| THE TASK |
Look through the data below and extract, unchanged, the lines from the one that contains "老金沙9170登录创新药HSK36357胶囊Ⅰ期临床试验首例受试者入组" to the one that contains "Den elektrischen Stuhl, 3D-Rendering", both included.

| PROVIDED DATA |
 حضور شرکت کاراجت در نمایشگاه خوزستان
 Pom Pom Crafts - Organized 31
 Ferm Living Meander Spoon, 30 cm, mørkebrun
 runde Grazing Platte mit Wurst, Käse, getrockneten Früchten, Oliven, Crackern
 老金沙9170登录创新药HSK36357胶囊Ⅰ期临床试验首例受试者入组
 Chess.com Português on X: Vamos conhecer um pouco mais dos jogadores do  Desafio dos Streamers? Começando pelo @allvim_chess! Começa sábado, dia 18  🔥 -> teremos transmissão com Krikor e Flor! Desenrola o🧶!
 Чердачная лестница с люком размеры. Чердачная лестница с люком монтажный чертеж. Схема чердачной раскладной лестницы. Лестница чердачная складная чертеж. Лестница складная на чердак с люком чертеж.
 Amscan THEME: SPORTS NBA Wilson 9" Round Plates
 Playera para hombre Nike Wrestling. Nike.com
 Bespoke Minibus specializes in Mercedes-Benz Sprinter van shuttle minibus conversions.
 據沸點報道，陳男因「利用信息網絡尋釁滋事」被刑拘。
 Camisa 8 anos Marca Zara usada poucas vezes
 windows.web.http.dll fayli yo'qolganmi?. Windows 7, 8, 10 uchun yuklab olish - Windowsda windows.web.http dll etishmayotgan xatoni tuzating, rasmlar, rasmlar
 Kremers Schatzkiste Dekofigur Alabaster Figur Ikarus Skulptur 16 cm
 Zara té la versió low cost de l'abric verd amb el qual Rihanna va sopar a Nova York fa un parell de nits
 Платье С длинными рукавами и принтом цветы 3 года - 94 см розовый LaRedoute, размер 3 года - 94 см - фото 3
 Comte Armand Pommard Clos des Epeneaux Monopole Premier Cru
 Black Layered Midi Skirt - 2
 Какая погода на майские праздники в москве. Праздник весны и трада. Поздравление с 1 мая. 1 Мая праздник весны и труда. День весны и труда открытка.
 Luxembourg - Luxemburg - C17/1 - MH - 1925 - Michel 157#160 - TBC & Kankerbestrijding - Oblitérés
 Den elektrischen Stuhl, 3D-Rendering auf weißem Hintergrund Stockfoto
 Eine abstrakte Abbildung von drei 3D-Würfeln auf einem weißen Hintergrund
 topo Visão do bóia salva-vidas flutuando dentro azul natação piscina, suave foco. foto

| SOLUTION BELOW |
 老金沙9170登录创新药HSK36357胶囊Ⅰ期临床试验首例受试者入组
 Chess.com Português on X: Vamos conhecer um pouco mais dos jogadores do  Desafio dos Streamers? Começando pelo @allvim_chess! Começa sábado, dia 18  🔥 -> teremos transmissão com Krikor e Flor! Desenrola o🧶!
 Чердачная лестница с люком размеры. Чердачная лестница с люком монтажный чертеж. Схема чердачной раскладной лестницы. Лестница чердачная складная чертеж. Лестница складная на чердак с люком чертеж.
 Amscan THEME: SPORTS NBA Wilson 9" Round Plates
 Playera para hombre Nike Wrestling. Nike.com
 Bespoke Minibus specializes in Mercedes-Benz Sprinter van shuttle minibus conversions.
 據沸點報道，陳男因「利用信息網絡尋釁滋事」被刑拘。
 Camisa 8 anos Marca Zara usada poucas vezes
 windows.web.http.dll fayli yo'qolganmi?. Windows 7, 8, 10 uchun yuklab olish - Windowsda windows.web.http dll etishmayotgan xatoni tuzating, rasmlar, rasmlar
 Kremers Schatzkiste Dekofigur Alabaster Figur Ikarus Skulptur 16 cm
 Zara té la versió low cost de l'abric verd amb el qual Rihanna va sopar a Nova York fa un parell de nits
 Платье С длинными рукавами и принтом цветы 3 года - 94 см розовый LaRedoute, размер 3 года - 94 см - фото 3
 Comte Armand Pommard Clos des Epeneaux Monopole Premier Cru
 Black Layered Midi Skirt - 2
 Какая погода на майские праздники в москве. Праздник весны и трада. Поздравление с 1 мая. 1 Мая праздник весны и труда. День весны и труда открытка.
 Luxembourg - Luxemburg - C17/1 - MH - 1925 - Michel 157#160 - TBC & Kankerbestrijding - Oblitérés
 Den elektrischen Stuhl, 3D-Rendering auf weißem Hintergrund Stockfoto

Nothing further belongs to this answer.